**DATA SHOWN**:
###
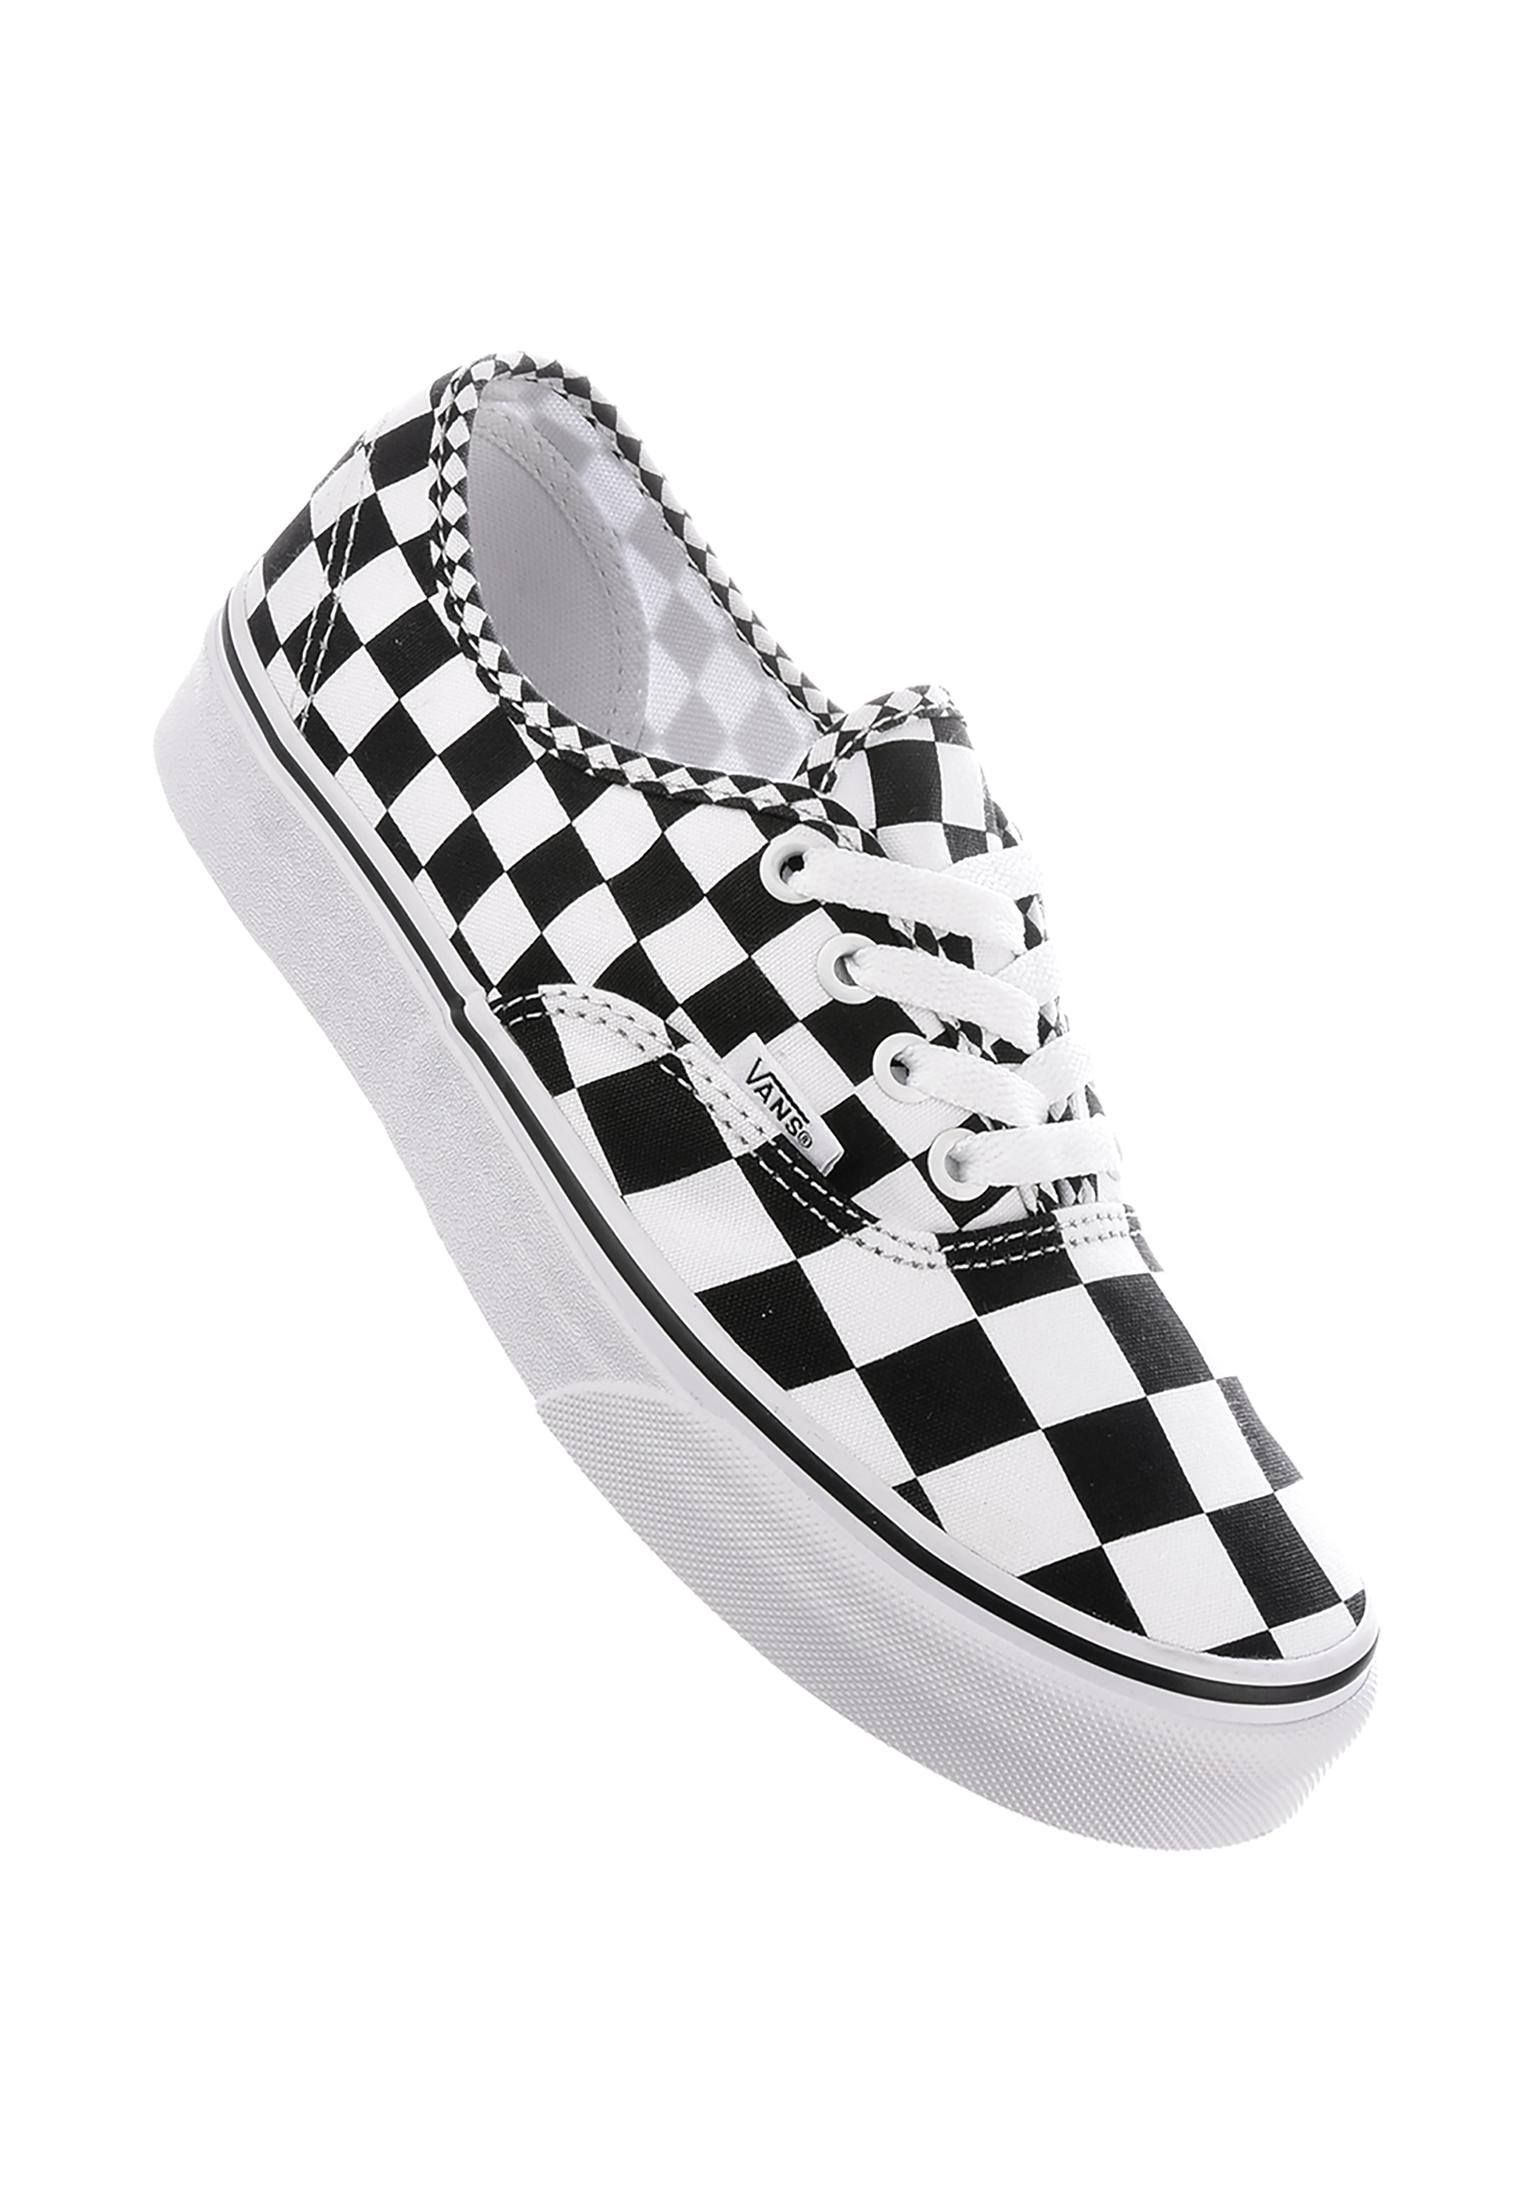 3ac4b88004b7d9 Authentic Classic Vans Alle Schuhe in mixchecker-black-truewhite für Damen
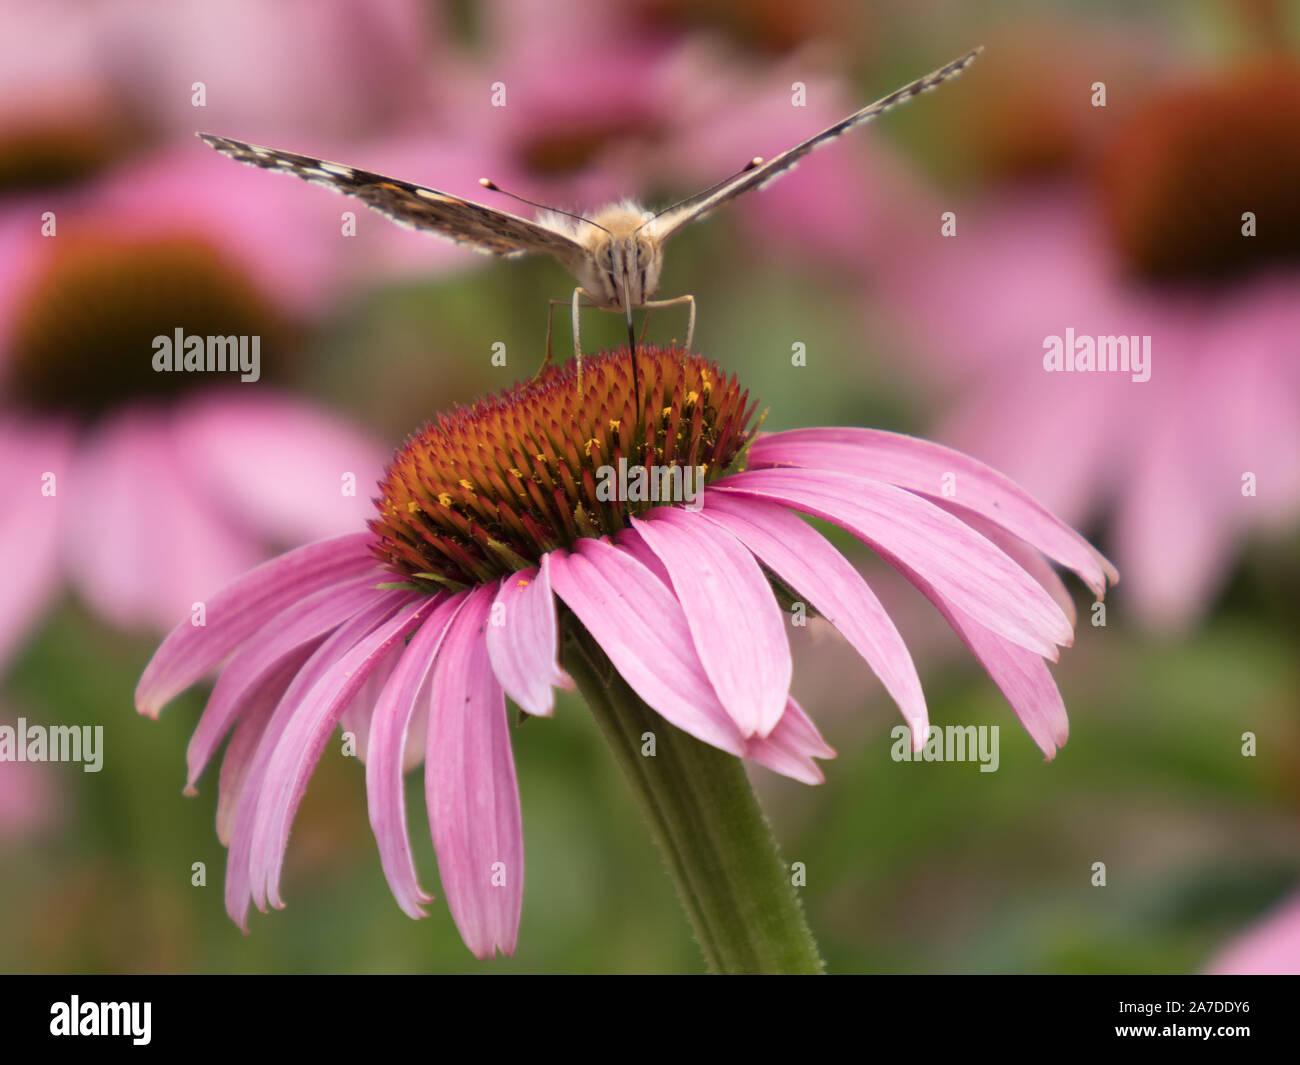 Close-up de un Painted Lady (Vanessa cardui) en la flor de una coneflower Foto de stock
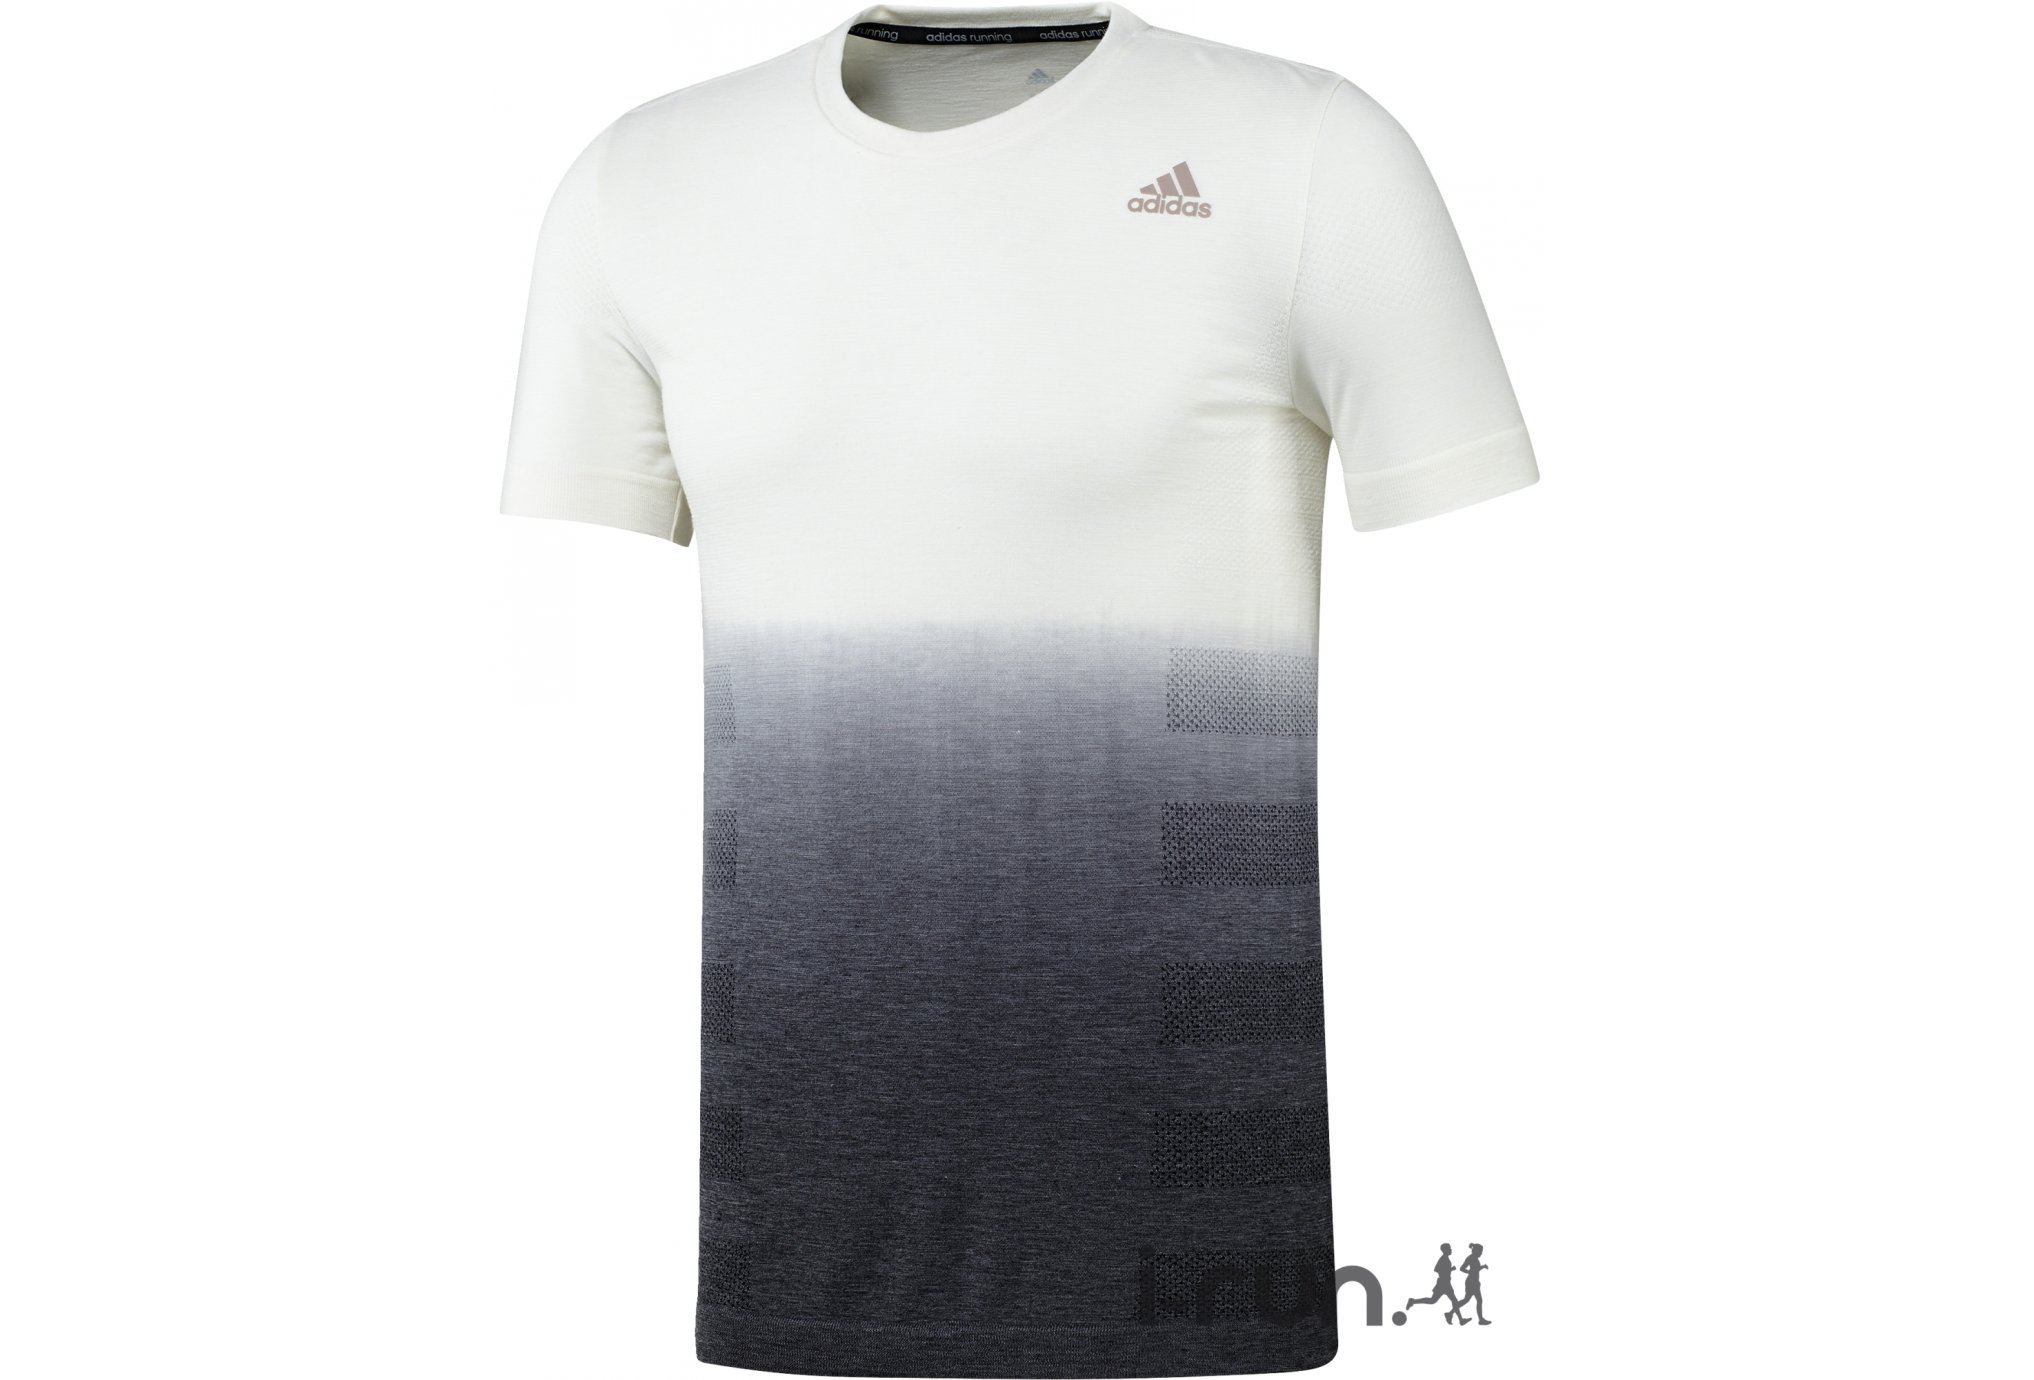 Adidas Adistar primeknit wool dip-Dyed m vêtement running homme
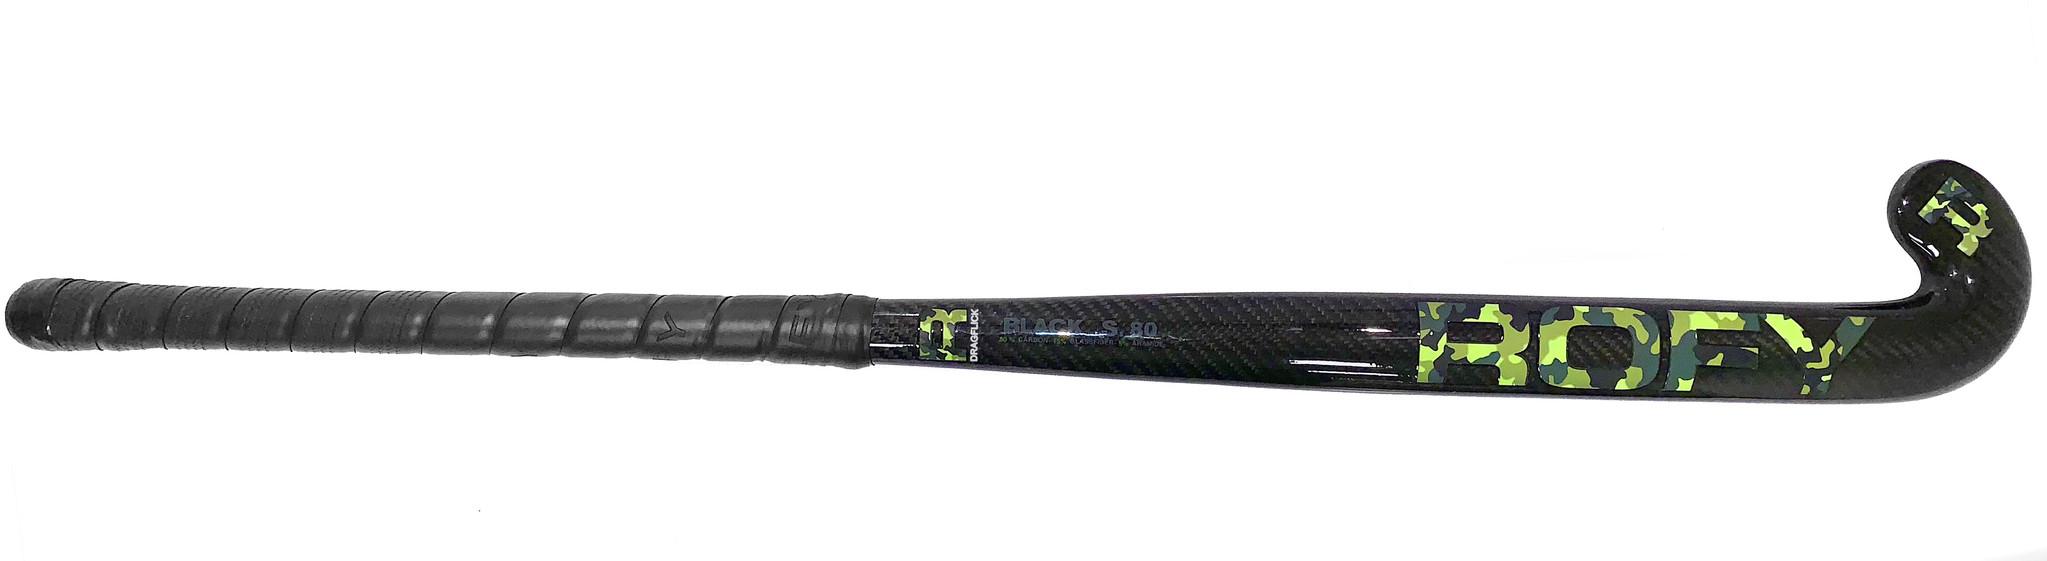 ROFY Black S. 80% Carbon Dragflick
###
**WORK TASK**: Exactly as written, reproduce the lines from the beginning of the material through the line with "Adidas Adistar primeknit", and skip any picture.

**RESULT**:
 3ac4b88004b7d9 Authentic Classic Vans Alle Schuhe in mixchecker-black-truewhite für Damen
 Close-up de un Painted Lady (Vanessa cardui) en la flor de una coneflower Foto de stock
 Adidas Adistar primeknit wool dip-Dyed m vêtement running homme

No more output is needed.